- Nickname: Ramanatheesuram
- Anniyur Location in Tamil Nadu, India Anniyur Anniyur (India)
- Coordinates: 12°02′51″N 79°36′59″E﻿ / ﻿12.04750°N 79.61639°E
- Country: India
- State: Tamil Nadu
- District: Viluppuram
- Named after: Temple

Government
- • Type: Village Panchayat
- • Body: Village Panchayat

Population (2000)
- • Total: 1,500

Languages
- • Official: Tamil
- Time zone: UTC+5:30 (IST)
- PIN: 605202
- Vehicle registration: TN-32
- Nearest city: Villupuram
- Lok Sabha constituency: Villupuram
- Civic agency: Village Panchayat

= Anniyur, Viluppuram =

Anniyur is a village located in the District of Viluppuram in the southern state of Tamil Nadu under the Union of India. It lies 25 kilometres from Gingee, Vilupuram

==Early history==
Early of history of Anniyur remains unclear, but the rock scripts of the two oldest temples shows this village's status in the 12th century. Anniyur was one of the part of Thondai Naadu which was ruled by cholas and later by pallavas. The two temples are important landmarks of Anniyur. The Vishnu temple was built by the minister of Krishna Devaraya named as Bethanna and the Shiva temple was built by the pallavas. The rock pillar which was laid before the Vishnu temple is 30 feet high, and it was made from a single rock.

===Medieval history===
In medieval time Anniyur was one of the Taluk of South Arcot District. The history of the systematic administration of the Land Revenue of erstwhile South Arcot District begins with the acquisition from the Nawab in 1801, when the Nawab made over the Carnatic to the company, Captain Graham was appointed to take charge of the District lying between Palar and Portonovo rivers and become the first Collector South Arcot.
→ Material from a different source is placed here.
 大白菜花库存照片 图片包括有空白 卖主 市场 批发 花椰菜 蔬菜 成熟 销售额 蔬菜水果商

Then Cuddalore district consisted of the 21 Taluks of Arcot, Vellore, Thiruvathur, Polur, Arani (the Jagir of that name) Wandiwash, Chetpet, Thiruvannamalai, Gingee, Tindivanam, Valudavur, Villupuram, Anniyur, Tirukoilur, Thiruvennainallur, Tiruvadi, Elavanasur, Kallakurichi, Vridhachalam, Tittagudi and Bhuvanagiri.
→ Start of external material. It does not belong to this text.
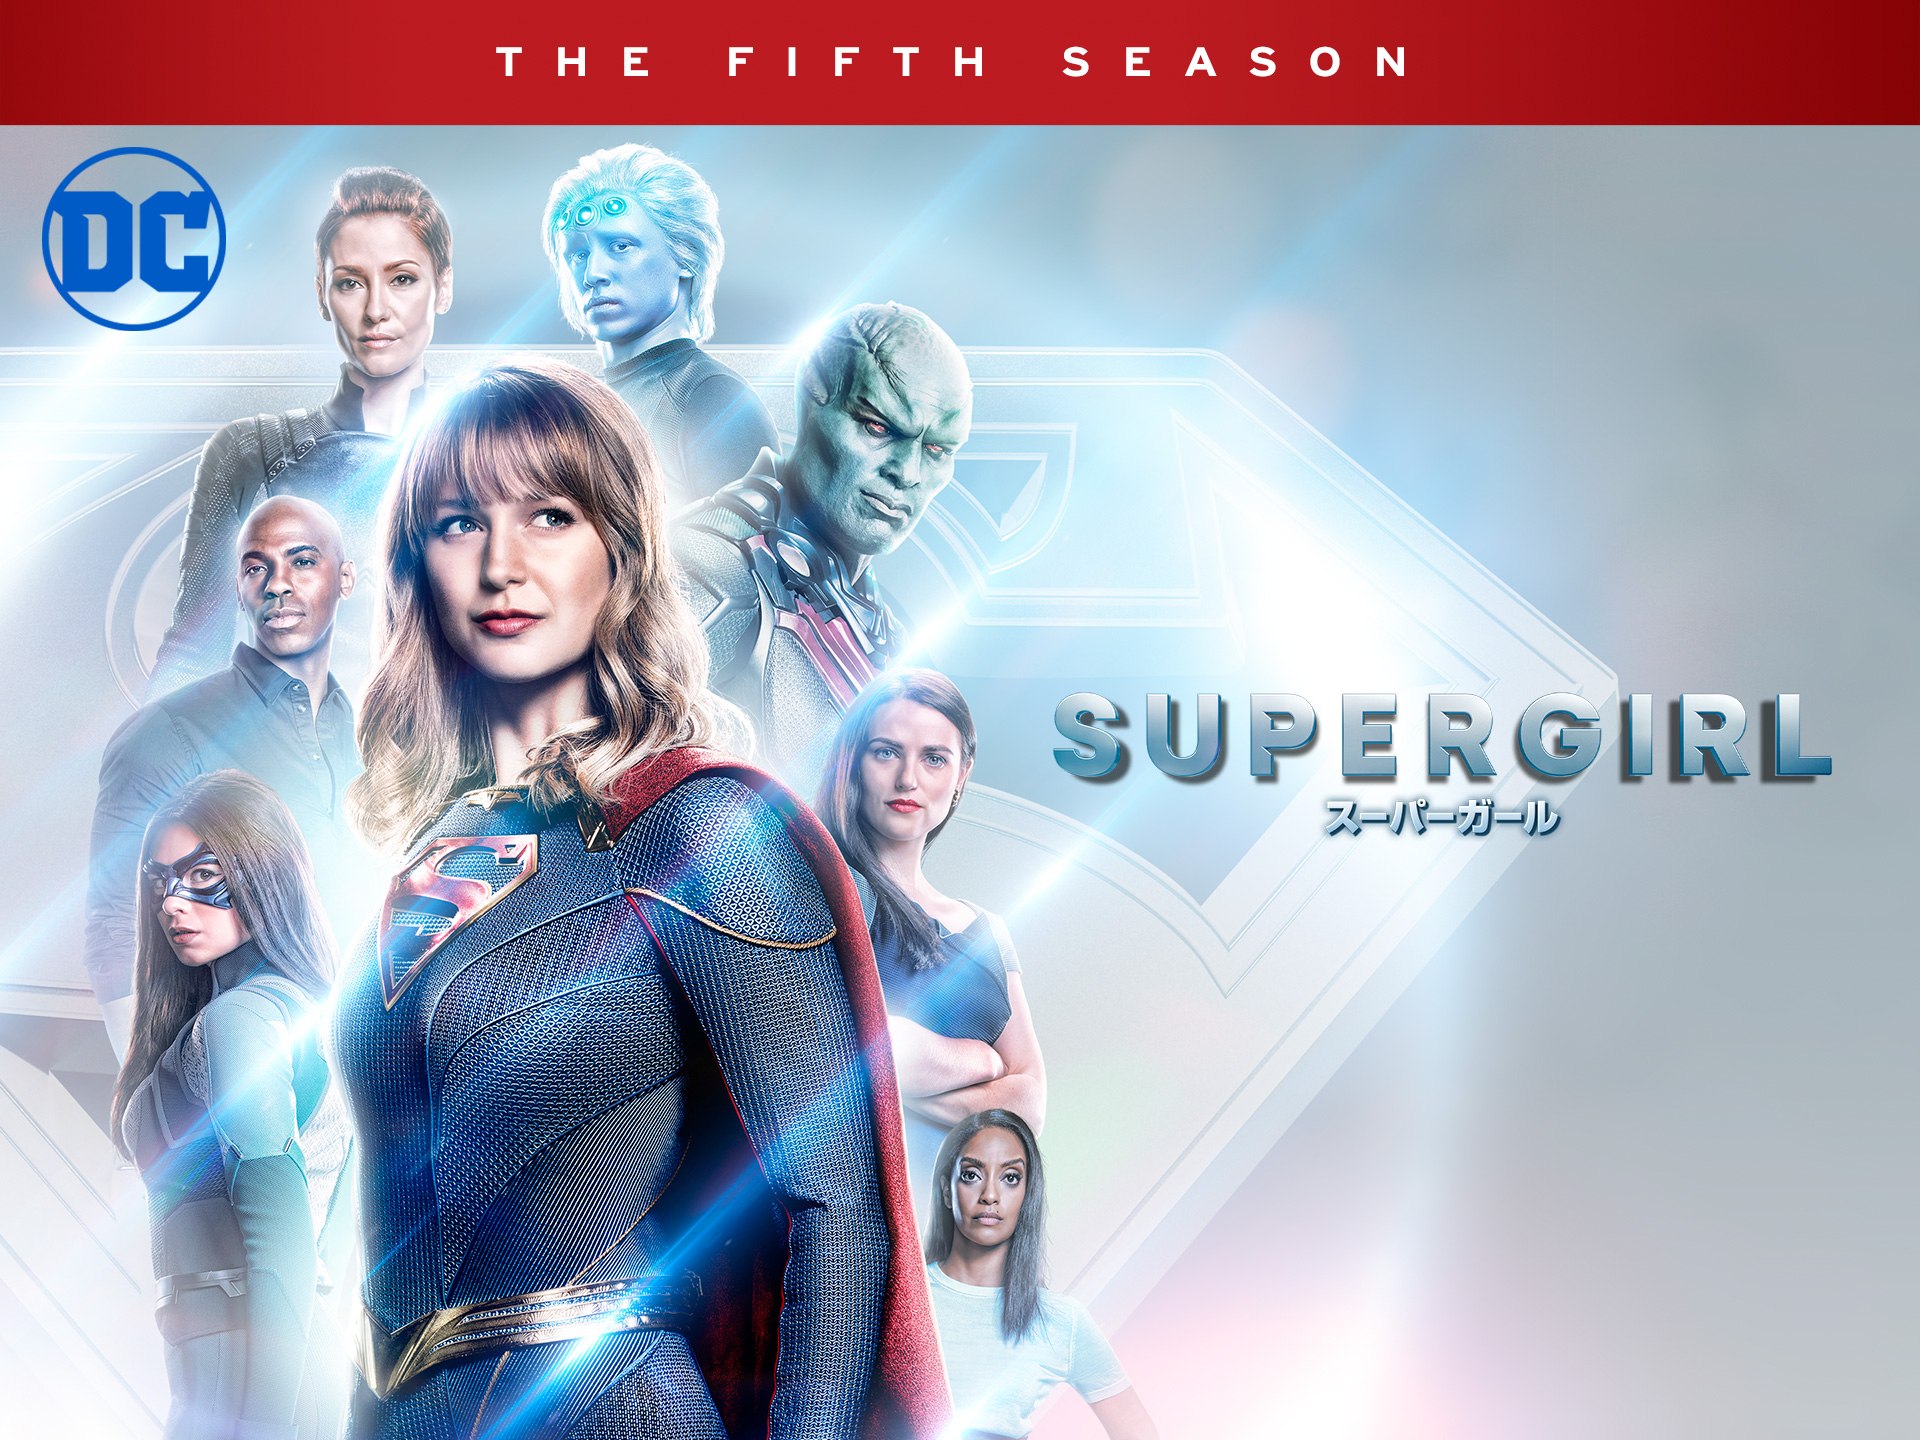 ドラマ Supergirl スーパーガール フィフス シーズン の動画まとめ 初月無料 動画配信サービスのビデオマーケット

Thiru Patchiyappa Mudaliyar was the village's first president. During this time Anniyur grew significantly. He was served as the Secretary to the Farmers Cooperative Society. The Murugan Temple Festival which was celebrated every year in the month of Thai is a 75 years old grant festival of Anniyur.

==Demographics==
More than 15,000 people are inhabitants of the village.

==Economy==
During the 1960s making hand looms was the primary occupation Anniyur. Most of the workers later moved to towns for good earnings. The people in this village are mostly farmers. Sugar Cane is the major crop cultivated over ninety percentage. The cultivated Sugar Cane crop is sold to Rajshree Sugar Mills, Mundiyampakkam. Irrigation to farm lands mostly depends the seasonal rainfall of North-East Monsoon.

==Administration==
The current village administrators are:
- Member of Parliament: Mr. D. Ravikumar of VCK (Villupuram Constituency)
- MLA: Mr. N. Pugazhenthi (Vikravandi Constituency)
- Union Councillor: Mrs. Sarasu Devarasu
- President: Mrs. Prema Kumaran
- Vice President: Mrs. Siva
- Panchayat Secretary: Mr. M. Senthil
===Amenities===
Anniyur has a well-equipped 24X7 government hospital. It has 30 beds, emergency care unit, x-ray facility, and any time mortal care.

==Education==
Anniyur and the district it belongs has a low literacy rate. Now the situation is being changed. 2 Panchayat Union Primary schools, 3 Private schools, 3 higher secondary schools are functioning.

Anniyur has three higher secondary schools
1. Government Boys Higher Secondary School
2. Government Girls Higher Secondary School
3. Olive Tree Matriculation Higher Secondary School

Both are run by Government of Tamil Nadu and also have two Government Primary Schools, three private primary schools.

==Transport==
Anniyur is connected by road transport facility with its district capital Villupuram by four different routes.
1. Villupuram - Soorapattu - Anniyur (Prime route)
2. Villupuram - Kanjanur - Elusempon - Anniyur
3. Villupuram - Kakkanur - T.Kosappalayam - Anniyur
4. Villupuram - Melkaranai - Perungalampoondi - Anniyur.

Anniyur is connected with the nearest cities like Villupuram, Gingee and Thirukovilur.